The ReLU activation function $\text{ReLU}(x) = \max(0, x)$ has derivative:

$$
\text{ReLU}'(x) = \begin{cases} 1 & \text{if } x > 0 \\ 0 & \text{if } x < 0 \end{cases}
$$

Unlike Sigmoid (whose derivative is always $\leq 1/4$), ReLU **preserves the gradient magnitude** for active neurons ($\text{ReLU}'(x) = 1$). Given **proper initialization**, this keeps gradient norms roughly stable across layers.

In [None]:
# Compare gradient norms: Sigmoid vs ReLU across depths
fig, axes = plt.subplots(1, 2, figsize=(14, 5))

configs = [
    ('Sigmoid (Xavier init)', nn.Sigmoid, lambda w: nn.init.xavier_normal_(w)),
    ('ReLU (Kaiming init)',   nn.ReLU,    lambda w: nn.init.kaiming_normal_(w, nonlinearity='relu')),
]

depths = [4, 8, 16, 32]

for ax, (act_name, Act, init_weight) in zip(axes, configs):
    for d in depths:
        torch.manual_seed(42)
        model = nn.Sequential(*(
            [nn.Linear(2, 20), Act()] +
            [l for _ in range(d - 1) for l in [nn.Linear(20, 20), Act()]] +
            [nn.Linear(20, 2)]))
        for m in model:
            if isinstance(m, nn.Linear):
                init_weight(m.weight)
                nn.init.zeros_(m.bias)
        grad_norms = get_gradient_norms(model, X_spiral, y_spiral)
        ax.plot(range(len(grad_norms)), grad_norms[::-1], 'o-', label=f'{d} layers',
                markersize=3, alpha=0.8)
    ax.set_title(act_name, fontsize=14)
    ax.set_xlabel('Layer (output → input)')
    ax.set_ylabel('Gradient norm')
    ax.set_yscale('log')
    ax.legend()
    ax.grid(True, alpha=0.3)

plt.suptitle('Gradient norms at initialization (log scale)', fontsize=14, y=1.02)
plt.tight_layout()
plt.show()

ReLU solved the vanishing gradient problem but introduced the **dead neuron** issue: if a neuron's input is always negative, it never activates and its weights never update.

### Variations

Several variants have been proposed:


- **LeakyReLU**: $\max(\alpha x, x)$
- **PReLU**: $\max(\alpha x, x)$
- **ELU**: $x$ if $x>0$, $\alpha(e^x-1)$ otherwise
- **GELU**: $x \cdot \Phi(x)$
- **SiLU/Swish**: $x \cdot \sigma(x)$

In [None]:
# Visualize activation functions
x = torch.linspace(-4, 4, 300)

activations = {
    'ReLU': F.relu(x),
    'LeakyReLU': F.leaky_relu(x, 0.1),
    'ELU': F.elu(x),
    'GELU': F.gelu(x),
    'SiLU (Swish)': F.silu(x),
}

fig, axes = plt.subplots(1, len(activations), figsize=(4 * len(activations), 3.5))

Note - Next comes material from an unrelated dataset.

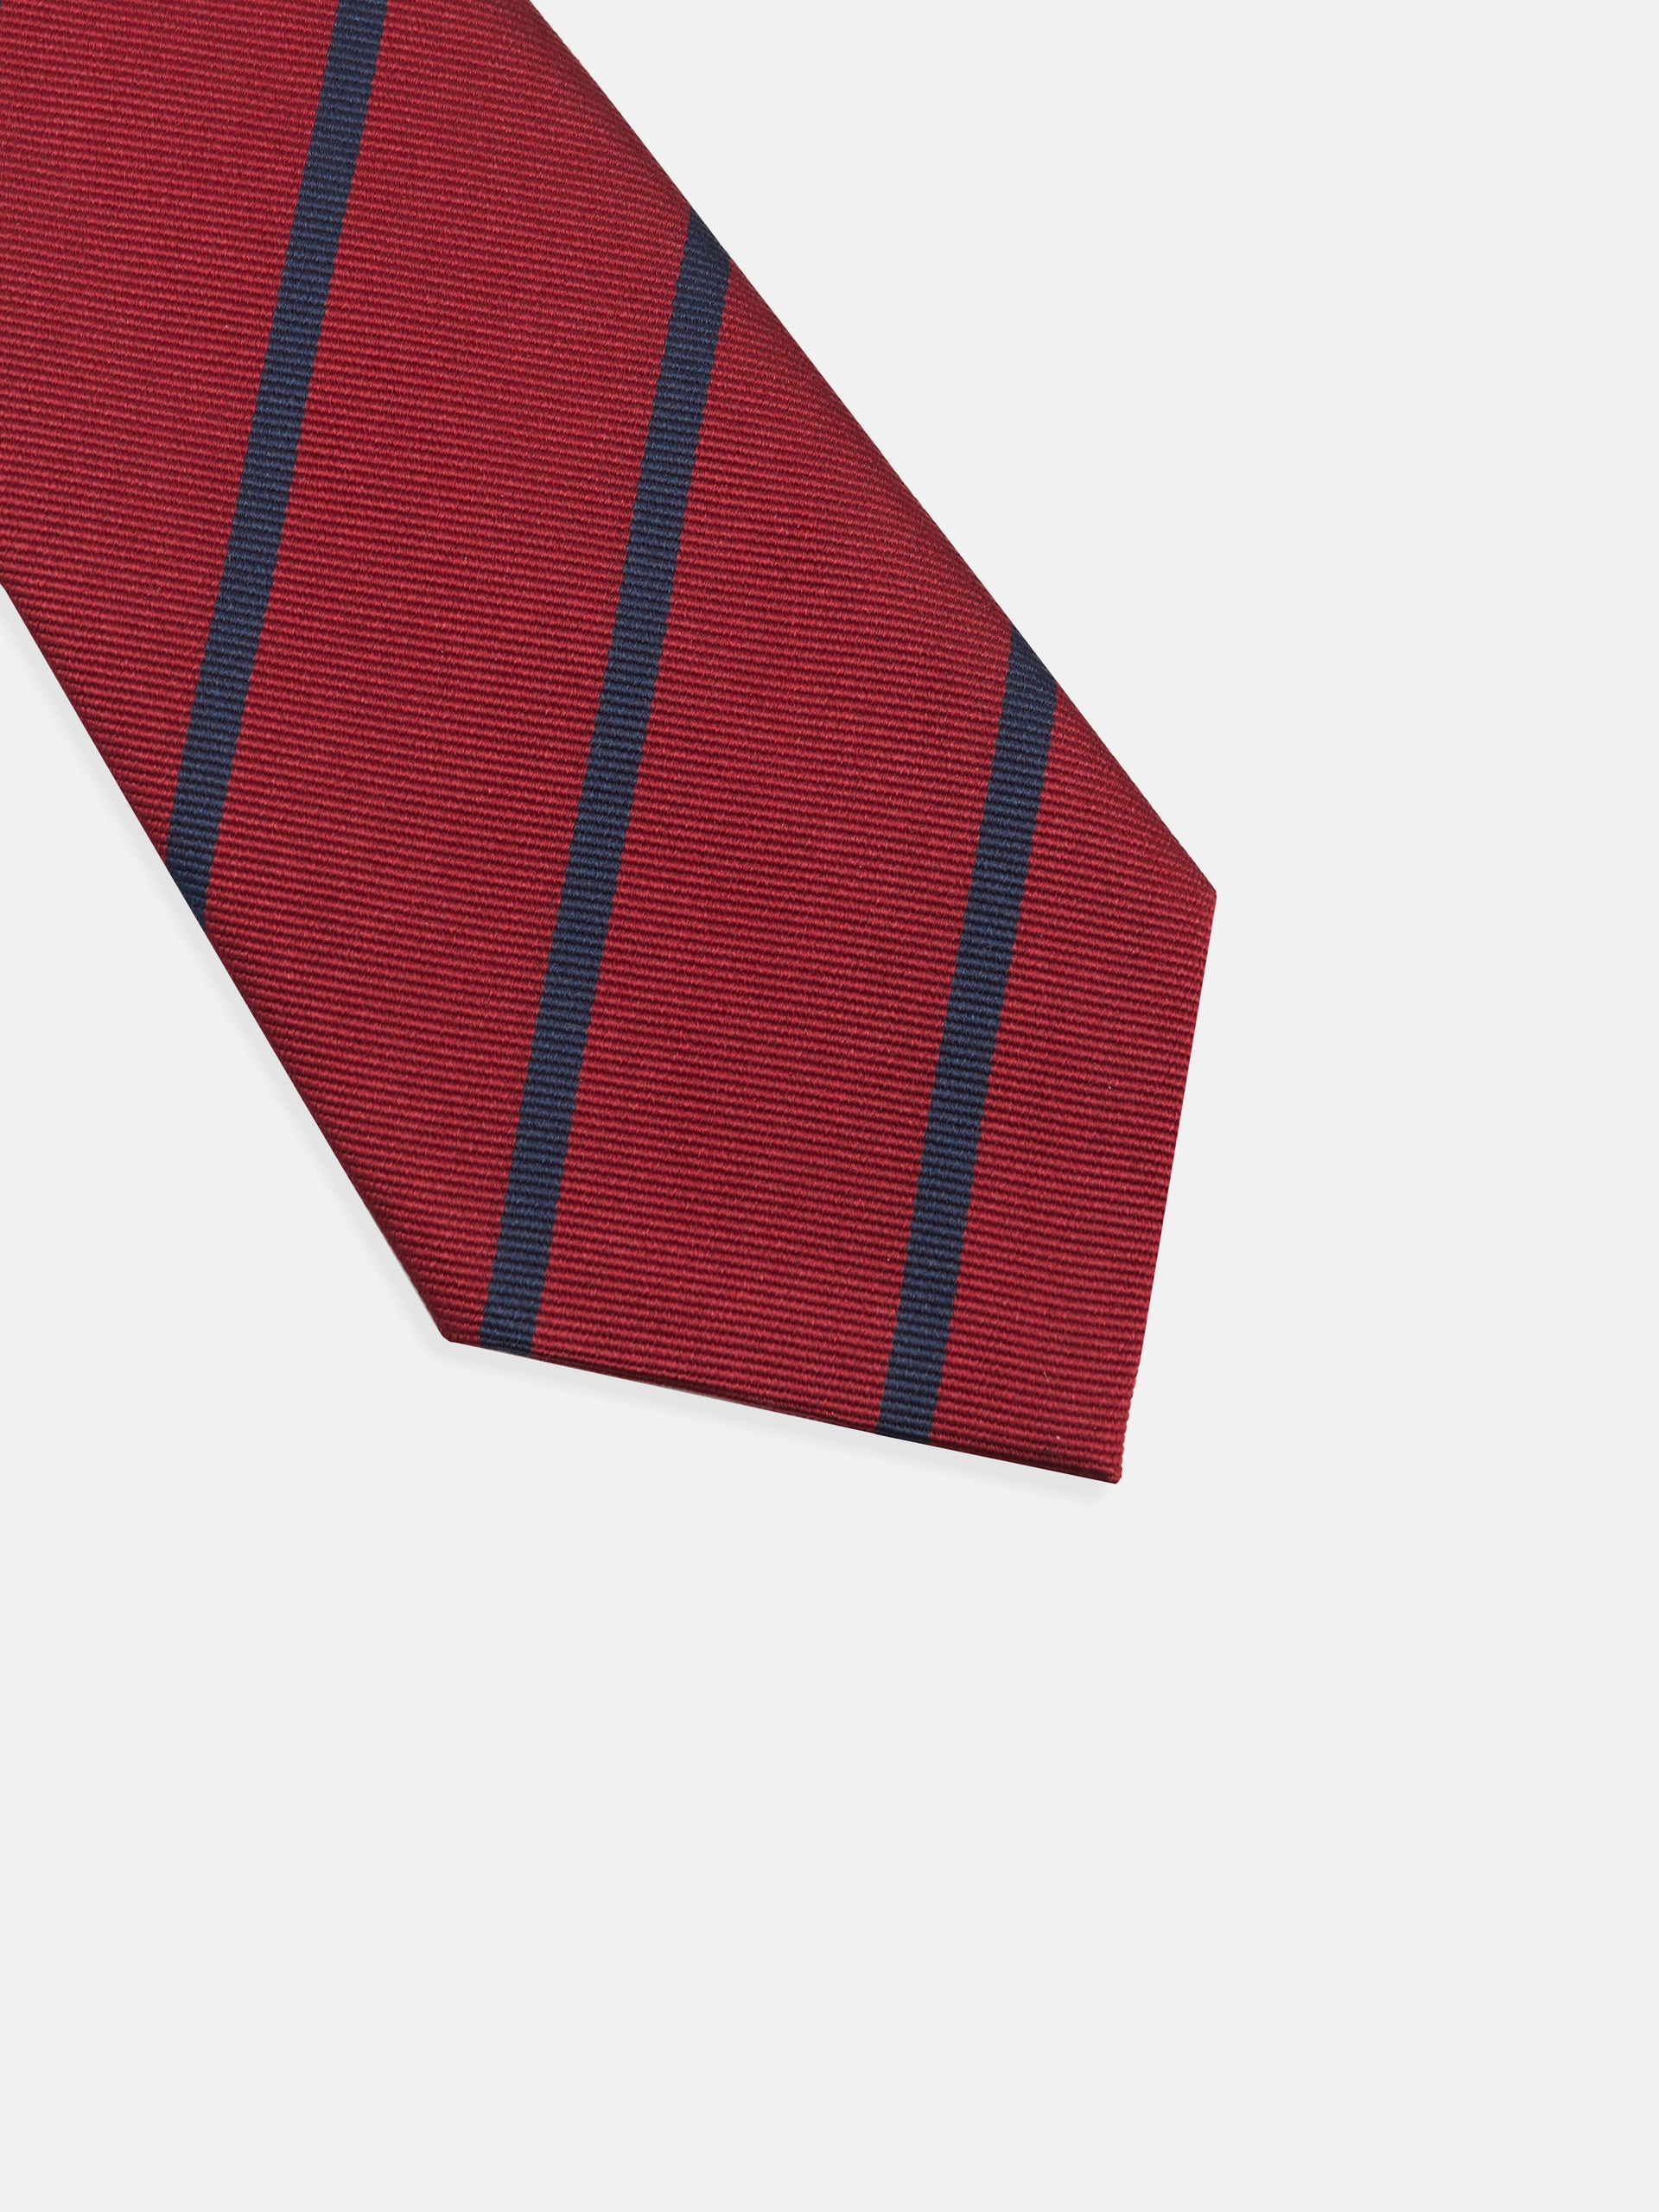 Cravate rayée bordeaux

for ax, (name, y_act) in zip(axes, activations.items()):
    ax.plot(x.numpy(), y_act.numpy(), linewidth=2)
    ax.axhline(y=0, color='gray', linewidth=0.5)
    ax.axvline(x=0, color='gray', linewidth=0.5)
    ax.set_title(name, fontsize=12)
    ax.grid(True, alpha=0.3)
    ax.set_ylim(-2, 4)

plt.suptitle('Common Activation Functions', fontsize=14, y=1.02)
plt.tight_layout()
plt.show()

We can compare these alternative on our spiral dataset.

In [None]:
# Compare activations on spiral data with a 8-layer network
X_spiral, y_spiral = make_spiral_data(n=1000)

activations = [
    ('Sigmoid',   nn.Sigmoid),
    ('ReLU',      nn.ReLU),
    ('LeakyReLU', nn.LeakyReLU),
    ('GELU',      nn.GELU),
]

fig, axes = plt.subplots(1, 4, figsize=(20, 4))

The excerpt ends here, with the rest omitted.